In this blog post we will go through how to use piles found in Naviate together with Revit and how the functions in Naviate can be used to create data and drawings.

Working with Piles in Revit can be somewhat tricky. To be able to optimize this workflow we have added some functions in Naviate Structure to help you. Everything from drawing, extending or trimming them and of course numbering them in an efficient way. 

Take this opportunity and see below how we have solved the different topics.

Draw piles

In the Naviate library you will find the structural foundations folder containing families for piles. In this example we use pile concrete rectangular. In order for coordinates and automatic pile lengths to work, certain parameters are required. These are built into the Naviate families pile concrete rectangular, concrete pile circular and RR pile.

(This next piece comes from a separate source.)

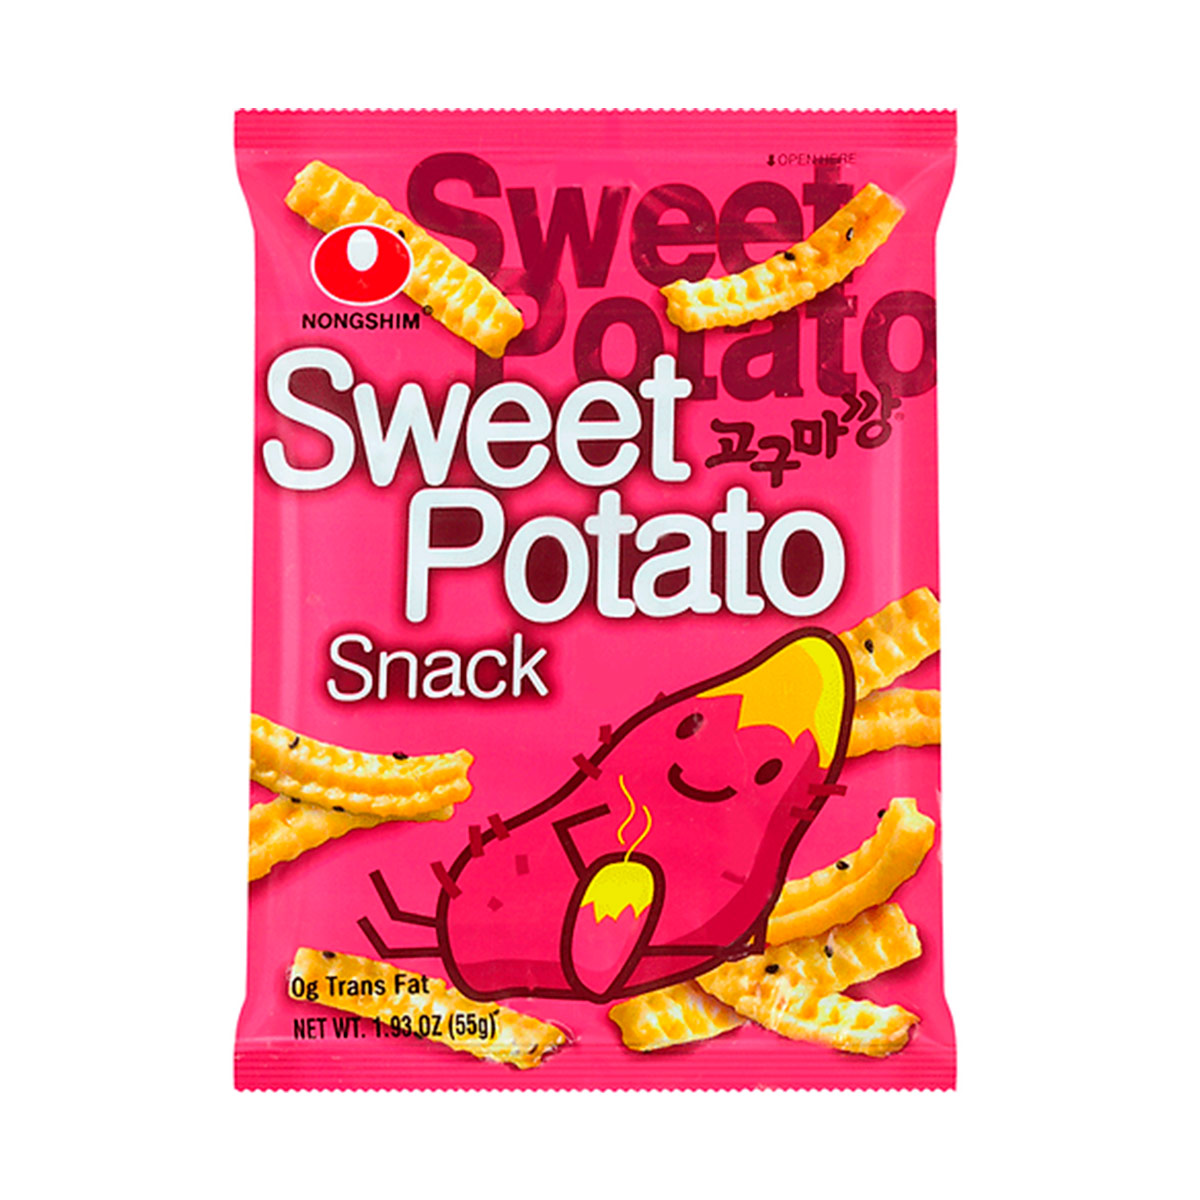 Sweet Potato Snack

Use isolated foundation to place the piles. Let's say that the piles are initially drawn (hosted) to level 1. You can still switch the host by selecting the piles, selecting pick new work plane and clicking on another level, floor or toposurface.


If the piles are to be tilted, it is stated in properties. Check slanted pile and then enter the slope in slanting X to 1. The value "5" gives the slope 5: 1. The slope is also displayed in degrees on the parameter CQTiltAngle. Tilted piles automatically show an arrow symbol in plan views. Finally, rotate the piles in the right direction.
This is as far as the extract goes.